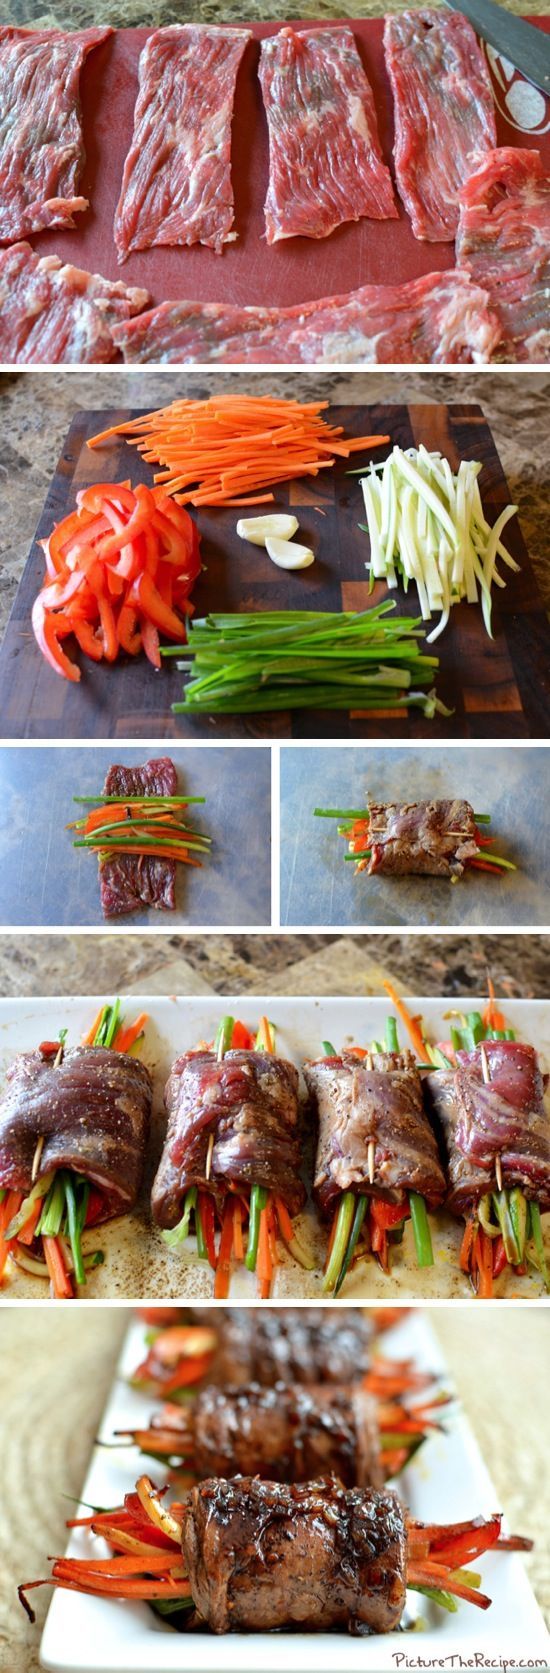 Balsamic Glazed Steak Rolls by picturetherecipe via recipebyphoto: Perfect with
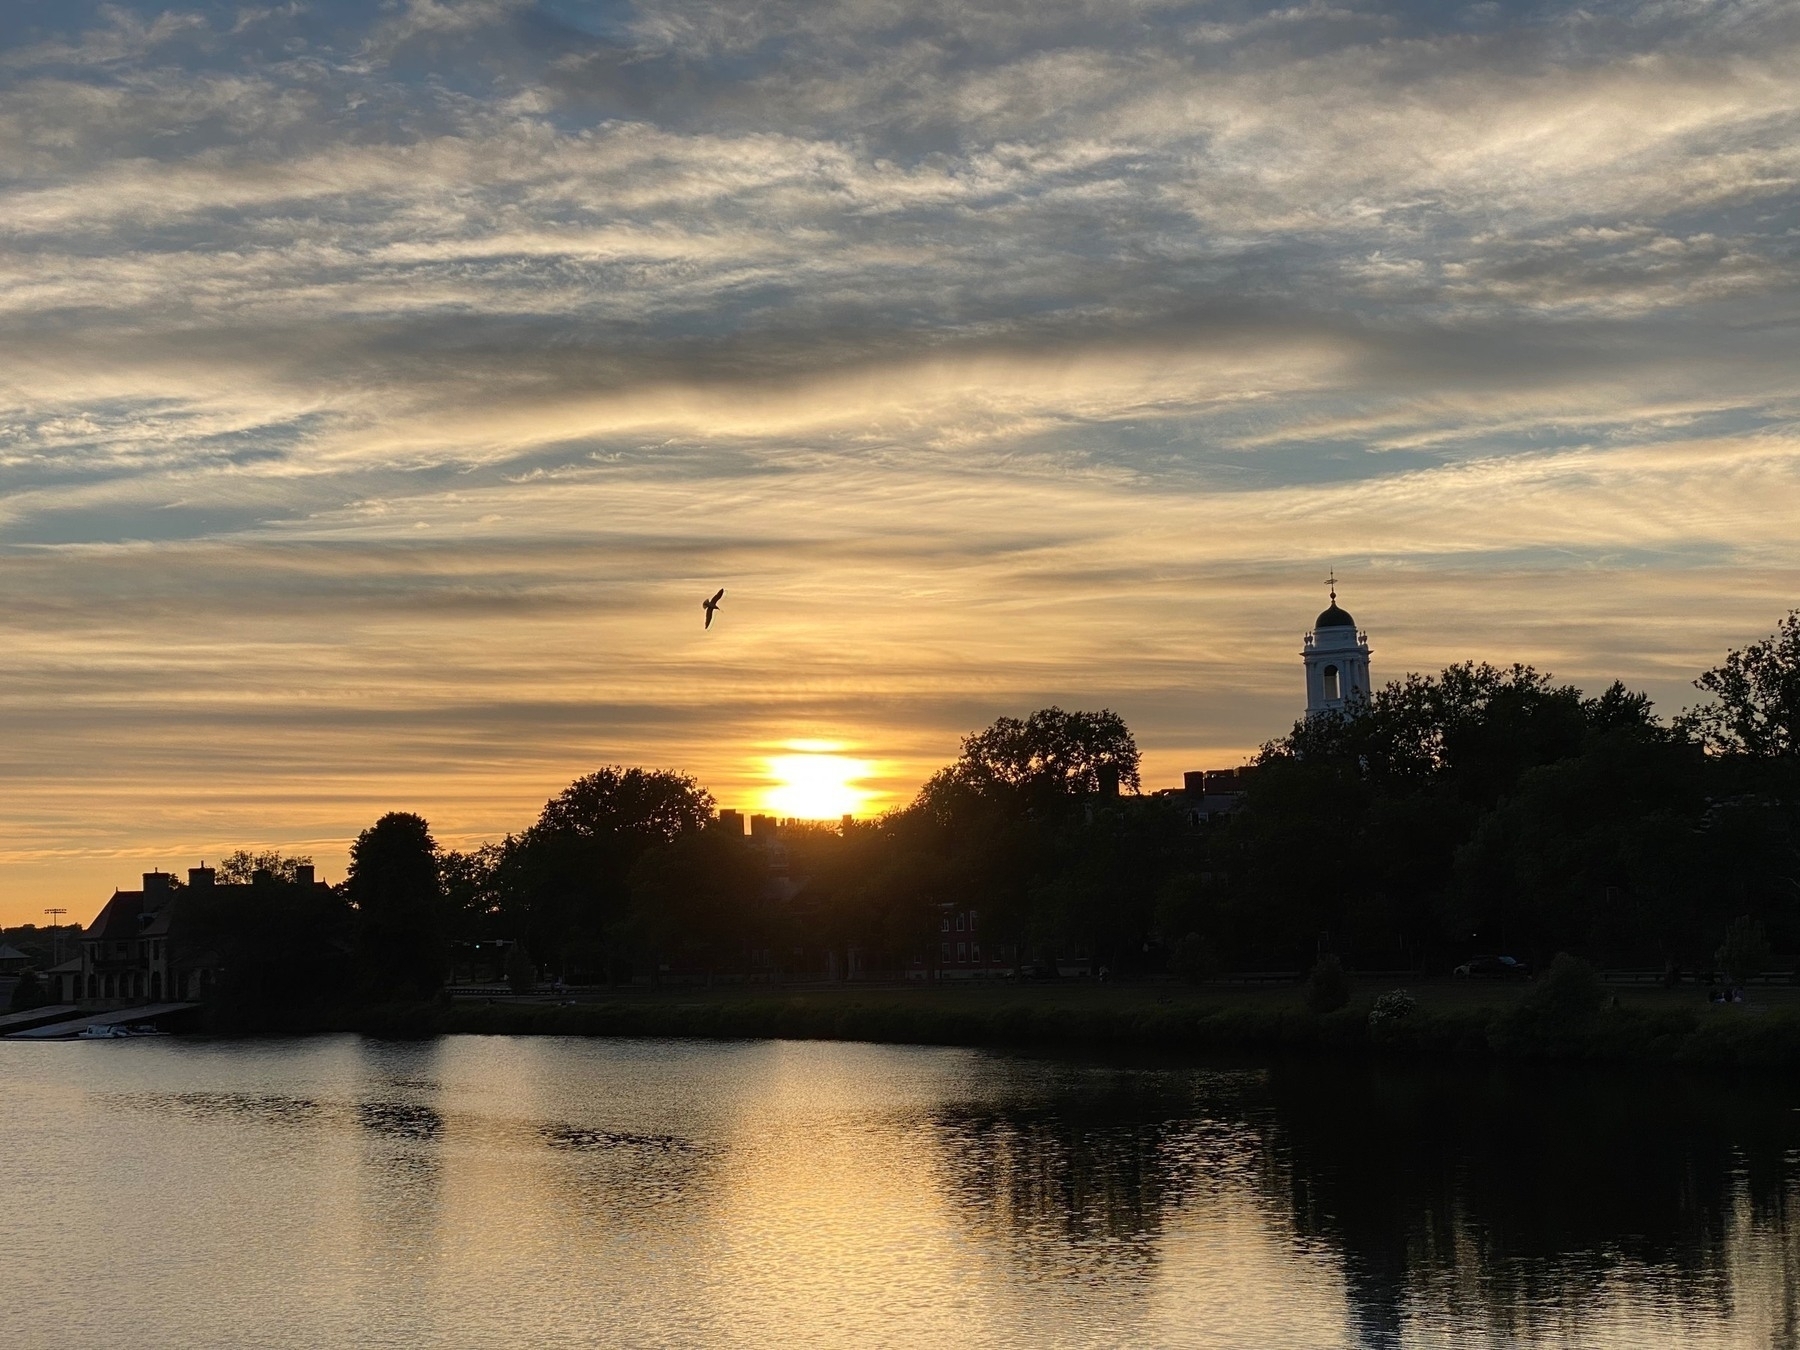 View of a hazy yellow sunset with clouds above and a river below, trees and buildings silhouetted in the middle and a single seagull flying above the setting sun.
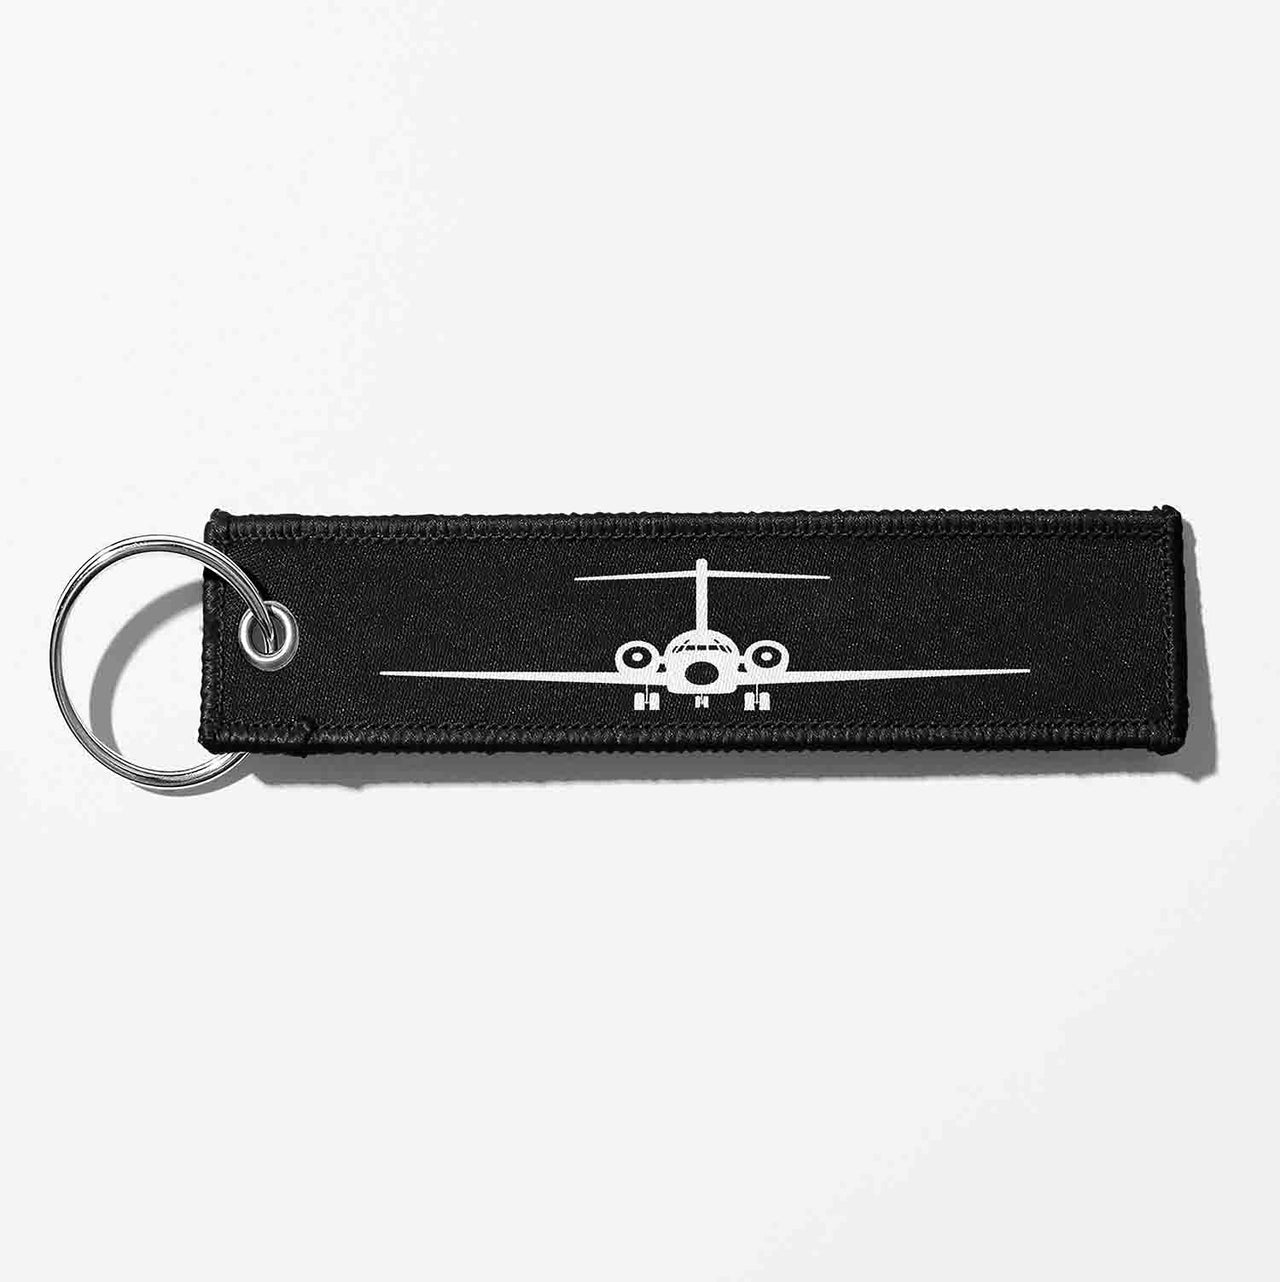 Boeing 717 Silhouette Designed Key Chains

================

> _What you need to do_: Repeat only the lines from the beginning of the material through the line containing "View of a hazy", both ends kept, leaving pictures out.

> _Response for this exercise_:
 Balsamic Glazed Steak Rolls by picturetherecipe via recipebyphoto: Perfect with
 View of a hazy yellow sunset with clouds above and a river below, trees and buildings silhouetted in the middle and a single seagull flying above the setting sun.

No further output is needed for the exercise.